According to Hilary Hendershott, president and chief advisor of San Jose, CA-based Hendershott Wealth Management, when first-time female clients come to her for advice, "[they] nearly always lack organization and strategy,” she says. “And they tend to hold more cash than men. Cash is always a harbinger of fear.”
Karen Altfest, principal advisor and executive vice president of New York, NY-based Altfest Personal Wealth Management, says people often assume that women aren’t interested in the topic. She remembers a time when husbands were asked to bring their wives to meetings and recalls fathers, husbands, and even grown sons talking over the women at the table.

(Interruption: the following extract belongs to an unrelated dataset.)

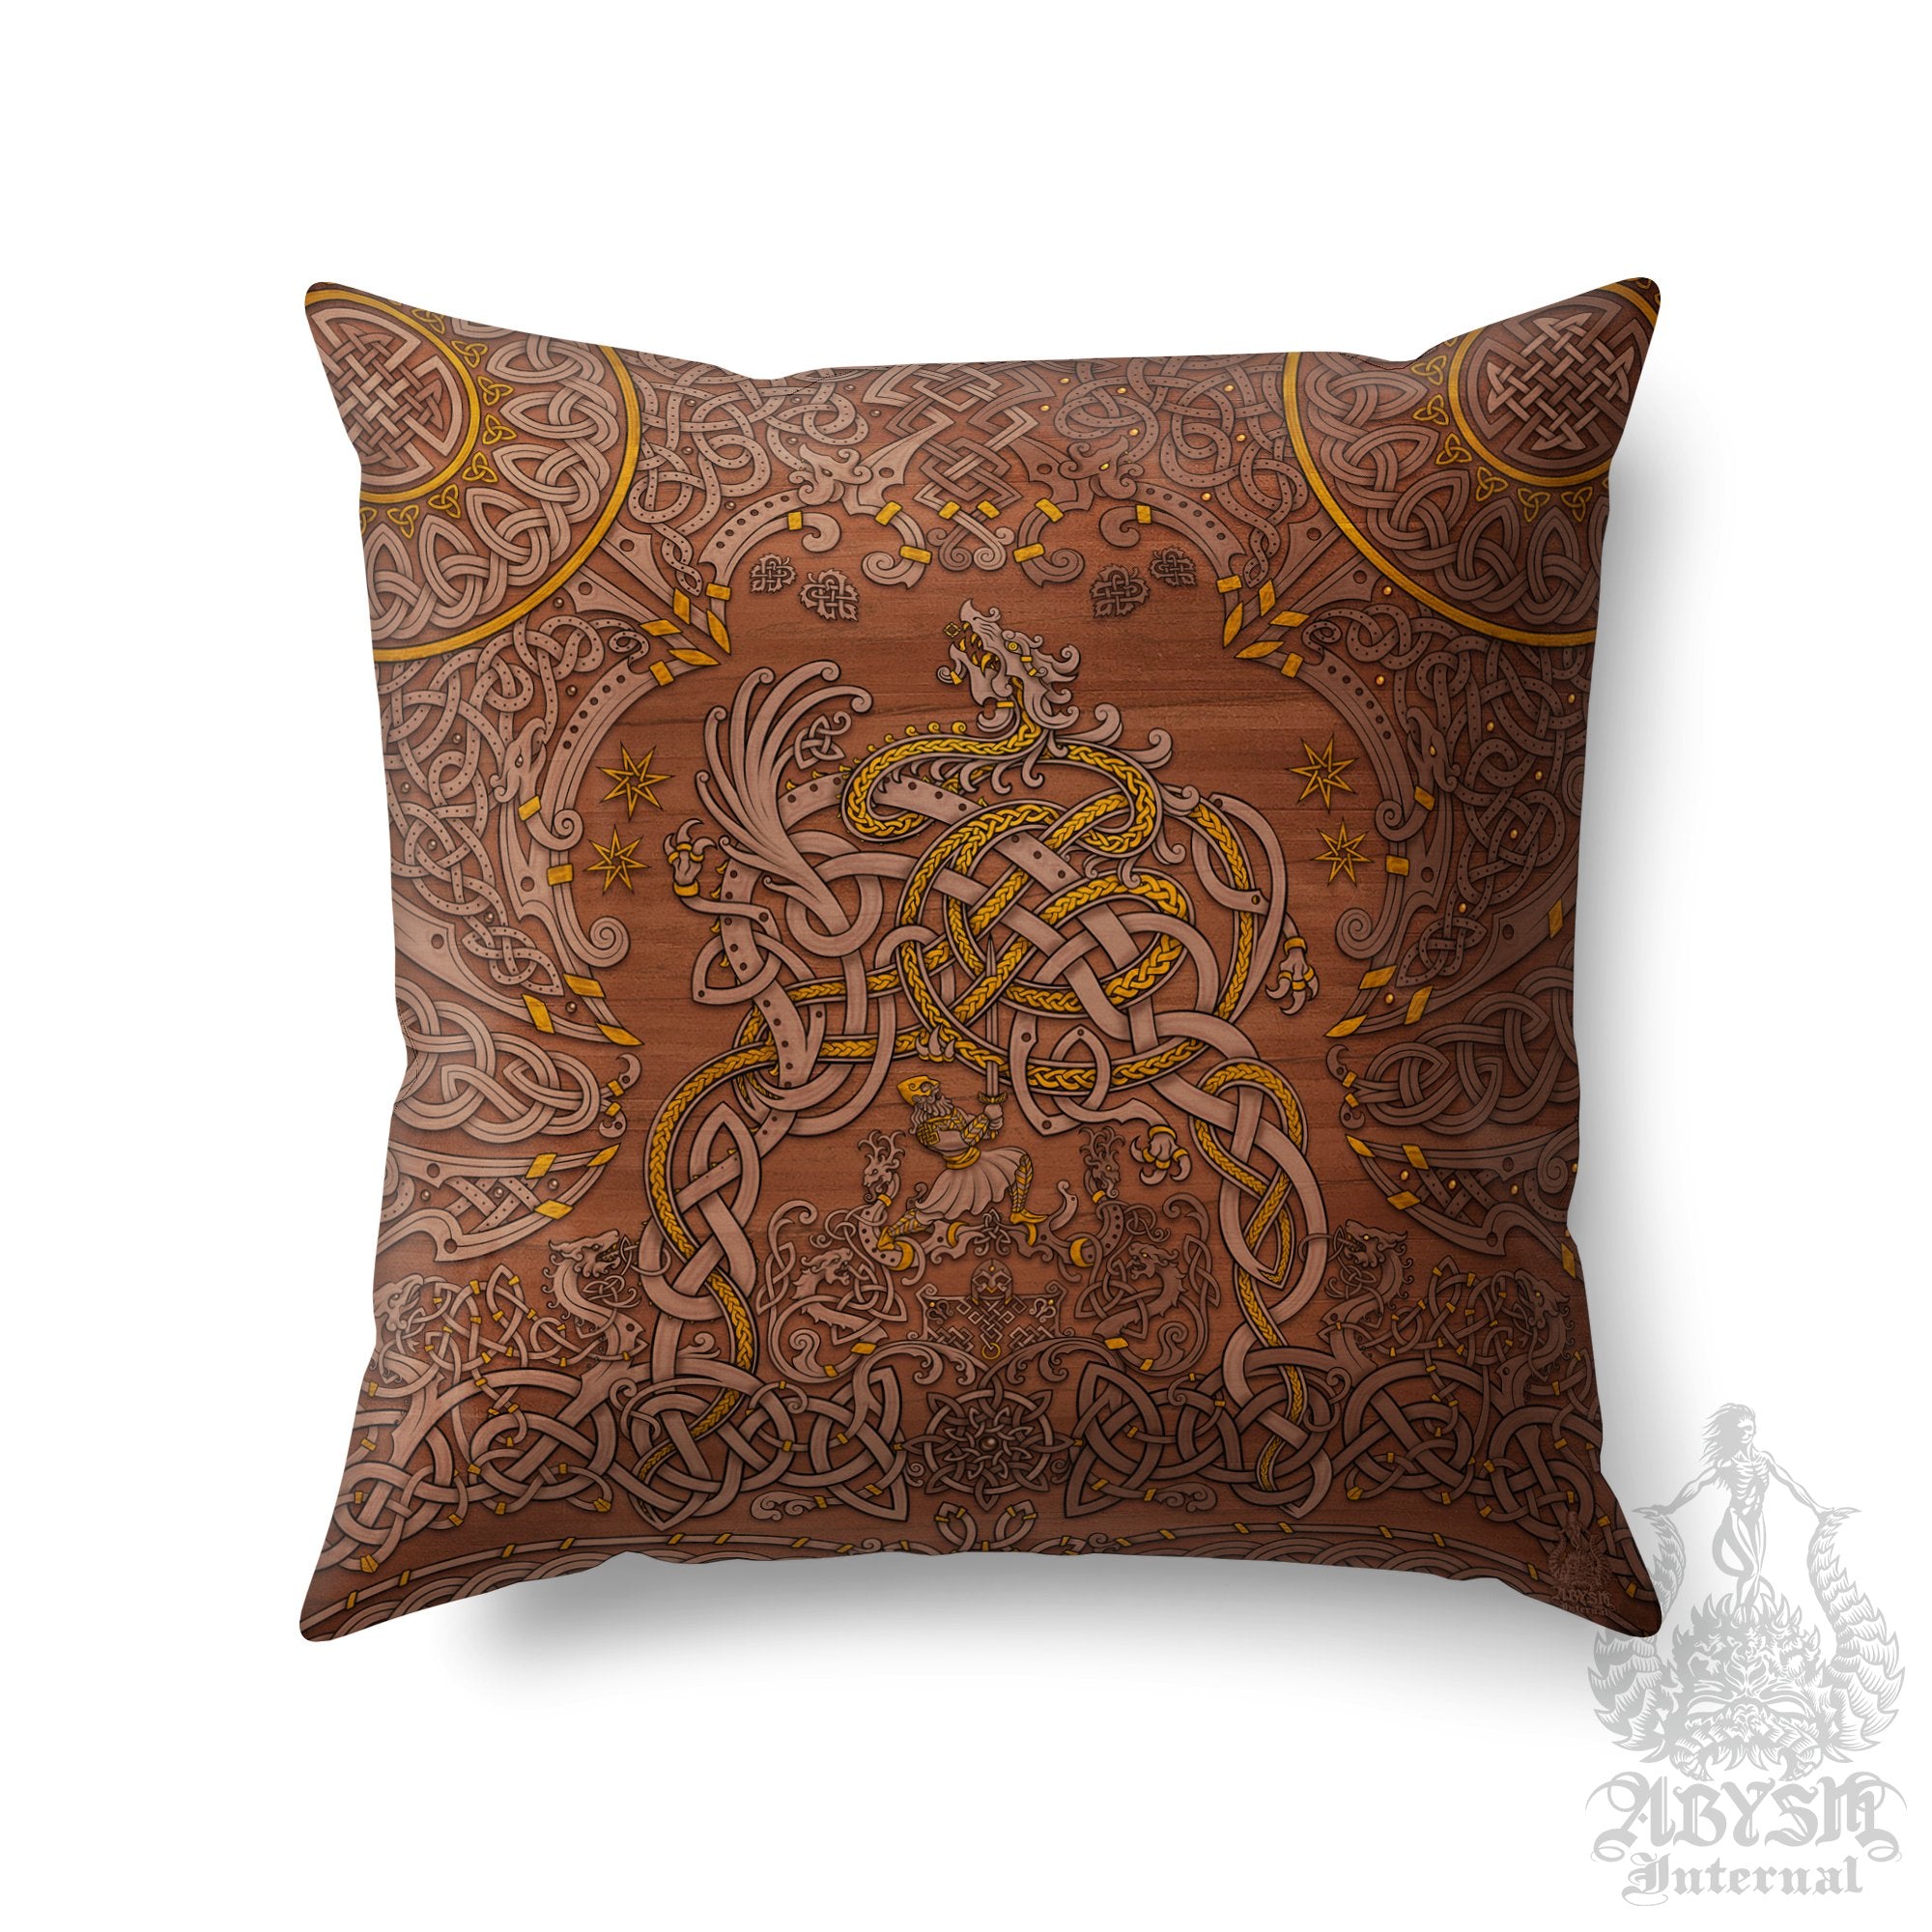 Nordic Throw Pillow, Decorative Accent Pillow, Square Cushion Cover, Gamer Room Decor, Dragon Fafnir, Viking Art, Alternative Home - Wood - Abysm Internal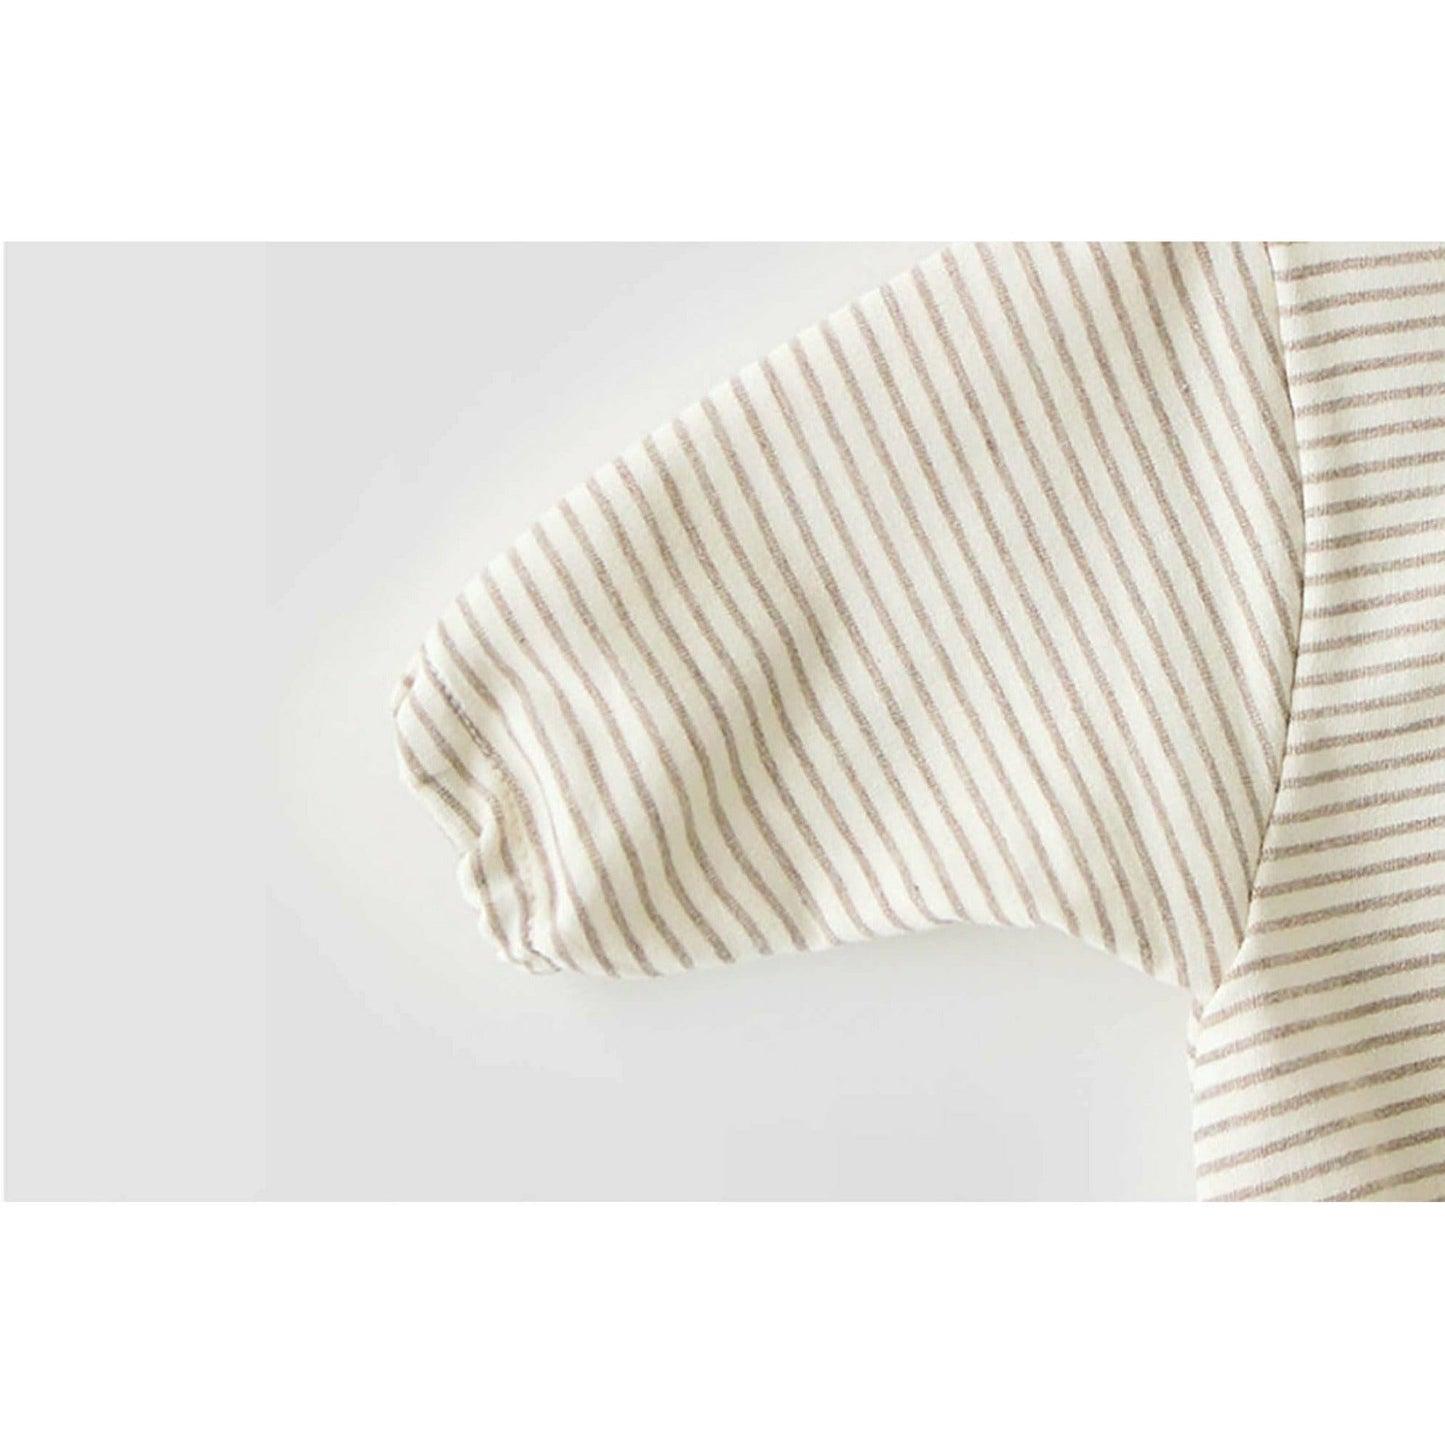 Striped Bubble Sweatshirt Romper- Beige and Black

Those days are over. The new trend Altfest observes is one where, with enough education, “If [women] know more, they want to express themselves and may not [employ] their father or husband’s portfolio [strategy].”
While it’s incorrect to assume women lack interest in and an understanding of financial matters, women aren’t used to being spoken to as equals. Thus, when it’s time to discuss risk, questions naturally arise. But Hendershott says that getting to the bottom of risk requires thinking expansively about it.
Hendershott presents an analogy about going out at night with her purse and risking being mugged. This jeopardizes her purse and wallet, and possibly her phone and keys. The losses are tangible and effectively an all or nothing proposition. The risk in investing is more about probability and a range of potential outcomes.
“Risk in investing is completely different, but people don’t understand that,” she says. “The term is often used to describe monetary losses, that some investment you’ve purchased will go down in value, and you’ll lose money.”
Is risk dependent upon gender? Nina O’Neal, partner and investment advisor at Raleigh, NC-based Archer Wealth Management, says “In general, I have seen women who have had a big life change be more cautious and having another female at the table to talk about why or if they need more risk can get them to a more comfortable space.”
Exceptional circumstances aside, preferences are based more on personality than gender, argues O’Neal, with women increasingly concentrating on the bigger picture while ignoring day-to-day market fluctuations.
Most notably, female clients often worry about outliving their money and becoming a financial burden to others. “The conversation is more ‘am I ok?’” she says. “We have a conversation around what risk is and show them they won’t run out of money.”